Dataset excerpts
§

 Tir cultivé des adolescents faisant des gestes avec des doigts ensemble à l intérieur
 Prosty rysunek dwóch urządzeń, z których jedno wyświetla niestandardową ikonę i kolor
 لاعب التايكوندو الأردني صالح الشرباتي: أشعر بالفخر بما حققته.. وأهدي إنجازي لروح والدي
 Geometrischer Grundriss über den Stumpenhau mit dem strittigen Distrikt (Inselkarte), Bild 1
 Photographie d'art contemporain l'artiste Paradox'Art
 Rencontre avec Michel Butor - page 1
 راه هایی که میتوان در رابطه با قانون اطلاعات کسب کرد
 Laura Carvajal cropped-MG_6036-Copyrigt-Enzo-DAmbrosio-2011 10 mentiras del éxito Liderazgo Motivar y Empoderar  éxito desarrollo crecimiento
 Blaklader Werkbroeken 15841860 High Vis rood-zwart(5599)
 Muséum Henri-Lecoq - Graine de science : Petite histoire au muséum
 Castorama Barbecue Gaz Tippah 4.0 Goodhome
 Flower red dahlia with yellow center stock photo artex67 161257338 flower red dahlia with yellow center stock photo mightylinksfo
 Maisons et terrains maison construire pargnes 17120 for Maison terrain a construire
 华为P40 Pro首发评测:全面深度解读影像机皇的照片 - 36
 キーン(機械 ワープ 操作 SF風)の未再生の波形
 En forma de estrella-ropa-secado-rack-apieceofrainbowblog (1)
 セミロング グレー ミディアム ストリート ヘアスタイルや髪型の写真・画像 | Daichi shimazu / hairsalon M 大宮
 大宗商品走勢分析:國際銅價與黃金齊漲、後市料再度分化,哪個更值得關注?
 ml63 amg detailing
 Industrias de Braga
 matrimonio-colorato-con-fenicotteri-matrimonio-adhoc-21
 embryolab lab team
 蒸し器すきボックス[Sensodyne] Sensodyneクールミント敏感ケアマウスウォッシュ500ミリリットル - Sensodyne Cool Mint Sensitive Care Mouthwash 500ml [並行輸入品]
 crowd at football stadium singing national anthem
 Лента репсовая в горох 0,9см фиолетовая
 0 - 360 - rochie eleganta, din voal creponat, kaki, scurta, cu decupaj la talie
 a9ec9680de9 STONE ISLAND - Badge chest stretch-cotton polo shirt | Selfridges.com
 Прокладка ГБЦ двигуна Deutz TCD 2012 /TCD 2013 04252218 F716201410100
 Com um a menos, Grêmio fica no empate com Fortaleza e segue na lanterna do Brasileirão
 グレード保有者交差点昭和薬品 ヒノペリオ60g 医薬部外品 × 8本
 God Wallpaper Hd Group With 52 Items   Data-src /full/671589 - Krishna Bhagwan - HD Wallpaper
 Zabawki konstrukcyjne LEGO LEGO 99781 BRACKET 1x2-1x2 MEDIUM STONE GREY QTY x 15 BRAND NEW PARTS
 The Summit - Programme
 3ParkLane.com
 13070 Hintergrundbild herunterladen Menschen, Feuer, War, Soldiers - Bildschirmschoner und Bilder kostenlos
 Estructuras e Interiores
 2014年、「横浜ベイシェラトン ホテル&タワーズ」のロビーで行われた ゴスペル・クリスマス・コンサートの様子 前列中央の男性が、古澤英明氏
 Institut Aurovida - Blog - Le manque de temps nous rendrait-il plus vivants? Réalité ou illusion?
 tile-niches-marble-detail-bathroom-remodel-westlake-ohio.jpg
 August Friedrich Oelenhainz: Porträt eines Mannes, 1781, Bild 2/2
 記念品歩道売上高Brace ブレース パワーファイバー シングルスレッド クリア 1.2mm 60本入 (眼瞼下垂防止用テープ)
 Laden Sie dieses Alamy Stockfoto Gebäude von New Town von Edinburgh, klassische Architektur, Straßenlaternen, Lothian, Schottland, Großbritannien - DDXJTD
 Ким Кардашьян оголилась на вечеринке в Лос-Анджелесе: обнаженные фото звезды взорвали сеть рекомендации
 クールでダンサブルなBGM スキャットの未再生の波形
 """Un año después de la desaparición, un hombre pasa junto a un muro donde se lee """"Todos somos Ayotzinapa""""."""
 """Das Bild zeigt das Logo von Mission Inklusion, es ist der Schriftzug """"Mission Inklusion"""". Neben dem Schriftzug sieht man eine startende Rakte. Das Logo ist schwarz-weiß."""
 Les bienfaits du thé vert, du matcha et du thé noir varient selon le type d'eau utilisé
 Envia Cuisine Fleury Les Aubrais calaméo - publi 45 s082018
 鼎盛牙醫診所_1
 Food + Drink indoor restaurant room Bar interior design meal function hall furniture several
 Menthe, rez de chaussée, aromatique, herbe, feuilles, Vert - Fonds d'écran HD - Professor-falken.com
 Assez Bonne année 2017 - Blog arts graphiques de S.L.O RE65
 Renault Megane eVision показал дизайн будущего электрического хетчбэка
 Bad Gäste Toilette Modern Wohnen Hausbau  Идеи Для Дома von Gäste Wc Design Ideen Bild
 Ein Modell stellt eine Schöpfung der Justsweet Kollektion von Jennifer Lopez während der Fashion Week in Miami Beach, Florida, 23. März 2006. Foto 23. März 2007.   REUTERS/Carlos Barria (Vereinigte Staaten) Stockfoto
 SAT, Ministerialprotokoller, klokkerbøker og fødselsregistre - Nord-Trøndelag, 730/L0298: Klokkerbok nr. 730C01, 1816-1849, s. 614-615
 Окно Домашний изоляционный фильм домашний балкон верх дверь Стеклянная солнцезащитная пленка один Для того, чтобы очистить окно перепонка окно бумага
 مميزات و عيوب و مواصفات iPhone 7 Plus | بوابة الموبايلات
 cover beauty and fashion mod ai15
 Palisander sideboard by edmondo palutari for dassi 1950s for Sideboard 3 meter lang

§

(DIRECTIONS FOR THIS TASK) Your reply should contain every record, unchanged and complete.

(SOLUTION TO THE EXERCISE)
 Tir cultivé des adolescents faisant des gestes avec des doigts ensemble à l intérieur
 Prosty rysunek dwóch urządzeń, z których jedno wyświetla niestandardową ikonę i kolor
 لاعب التايكوندو الأردني صالح الشرباتي: أشعر بالفخر بما حققته.. وأهدي إنجازي لروح والدي
 Geometrischer Grundriss über den Stumpenhau mit dem strittigen Distrikt (Inselkarte), Bild 1
 Photographie d'art contemporain l'artiste Paradox'Art
 Rencontre avec Michel Butor - page 1
 راه هایی که میتوان در رابطه با قانون اطلاعات کسب کرد
 Laura Carvajal cropped-MG_6036-Copyrigt-Enzo-DAmbrosio-2011 10 mentiras del éxito Liderazgo Motivar y Empoderar  éxito desarrollo crecimiento
 Blaklader Werkbroeken 15841860 High Vis rood-zwart(5599)
 Muséum Henri-Lecoq - Graine de science : Petite histoire au muséum
 Castorama Barbecue Gaz Tippah 4.0 Goodhome
 Flower red dahlia with yellow center stock photo artex67 161257338 flower red dahlia with yellow center stock photo mightylinksfo
 Maisons et terrains maison construire pargnes 17120 for Maison terrain a construire
 华为P40 Pro首发评测:全面深度解读影像机皇的照片 - 36
 キーン(機械 ワープ 操作 SF風)の未再生の波形
 En forma de estrella-ropa-secado-rack-apieceofrainbowblog (1)
 セミロング グレー ミディアム ストリート ヘアスタイルや髪型の写真・画像 | Daichi shimazu / hairsalon M 大宮
 大宗商品走勢分析:國際銅價與黃金齊漲、後市料再度分化,哪個更值得關注?
 ml63 amg detailing
 Industrias de Braga
 matrimonio-colorato-con-fenicotteri-matrimonio-adhoc-21
 embryolab lab team
 蒸し器すきボックス[Sensodyne] Sensodyneクールミント敏感ケアマウスウォッシュ500ミリリットル - Sensodyne Cool Mint Sensitive Care Mouthwash 500ml [並行輸入品]
 crowd at football stadium singing national anthem
 Лента репсовая в горох 0,9см фиолетовая
 0 - 360 - rochie eleganta, din voal creponat, kaki, scurta, cu decupaj la talie
 a9ec9680de9 STONE ISLAND - Badge chest stretch-cotton polo shirt | Selfridges.com
 Прокладка ГБЦ двигуна Deutz TCD 2012 /TCD 2013 04252218 F716201410100
 Com um a menos, Grêmio fica no empate com Fortaleza e segue na lanterna do Brasileirão
 グレード保有者交差点昭和薬品 ヒノペリオ60g 医薬部外品 × 8本
 God Wallpaper Hd Group With 52 Items   Data-src /full/671589 - Krishna Bhagwan - HD Wallpaper
 Zabawki konstrukcyjne LEGO LEGO 99781 BRACKET 1x2-1x2 MEDIUM STONE GREY QTY x 15 BRAND NEW PARTS
 The Summit - Programme
 3ParkLane.com
 13070 Hintergrundbild herunterladen Menschen, Feuer, War, Soldiers - Bildschirmschoner und Bilder kostenlos
 Estructuras e Interiores
 2014年、「横浜ベイシェラトン ホテル&タワーズ」のロビーで行われた ゴスペル・クリスマス・コンサートの様子 前列中央の男性が、古澤英明氏
 Institut Aurovida - Blog - Le manque de temps nous rendrait-il plus vivants? Réalité ou illusion?
 tile-niches-marble-detail-bathroom-remodel-westlake-ohio.jpg
 August Friedrich Oelenhainz: Porträt eines Mannes, 1781, Bild 2/2
 記念品歩道売上高Brace ブレース パワーファイバー シングルスレッド クリア 1.2mm 60本入 (眼瞼下垂防止用テープ)
 Laden Sie dieses Alamy Stockfoto Gebäude von New Town von Edinburgh, klassische Architektur, Straßenlaternen, Lothian, Schottland, Großbritannien - DDXJTD
 Ким Кардашьян оголилась на вечеринке в Лос-Анджелесе: обнаженные фото звезды взорвали сеть рекомендации
 クールでダンサブルなBGM スキャットの未再生の波形
 """Un año después de la desaparición, un hombre pasa junto a un muro donde se lee """"Todos somos Ayotzinapa""""."""
 """Das Bild zeigt das Logo von Mission Inklusion, es ist der Schriftzug """"Mission Inklusion"""". Neben dem Schriftzug sieht man eine startende Rakte. Das Logo ist schwarz-weiß."""
 Les bienfaits du thé vert, du matcha et du thé noir varient selon le type d'eau utilisé
 Envia Cuisine Fleury Les Aubrais calaméo - publi 45 s082018
 鼎盛牙醫診所_1
 Food + Drink indoor restaurant room Bar interior design meal function hall furniture several
 Menthe, rez de chaussée, aromatique, herbe, feuilles, Vert - Fonds d'écran HD - Professor-falken.com
 Assez Bonne année 2017 - Blog arts graphiques de S.L.O RE65
 Renault Megane eVision показал дизайн будущего электрического хетчбэка
 Bad Gäste Toilette Modern Wohnen Hausbau  Идеи Для Дома von Gäste Wc Design Ideen Bild
 Ein Modell stellt eine Schöpfung der Justsweet Kollektion von Jennifer Lopez während der Fashion Week in Miami Beach, Florida, 23. März 2006. Foto 23. März 2007.   REUTERS/Carlos Barria (Vereinigte Staaten) Stockfoto
 SAT, Ministerialprotokoller, klokkerbøker og fødselsregistre - Nord-Trøndelag, 730/L0298: Klokkerbok nr. 730C01, 1816-1849, s. 614-615
 Окно Домашний изоляционный фильм домашний балкон верх дверь Стеклянная солнцезащитная пленка один Для того, чтобы очистить окно перепонка окно бумага
 مميزات و عيوب و مواصفات iPhone 7 Plus | بوابة الموبايلات
 cover beauty and fashion mod ai15
 Palisander sideboard by edmondo palutari for dassi 1950s for Sideboard 3 meter lang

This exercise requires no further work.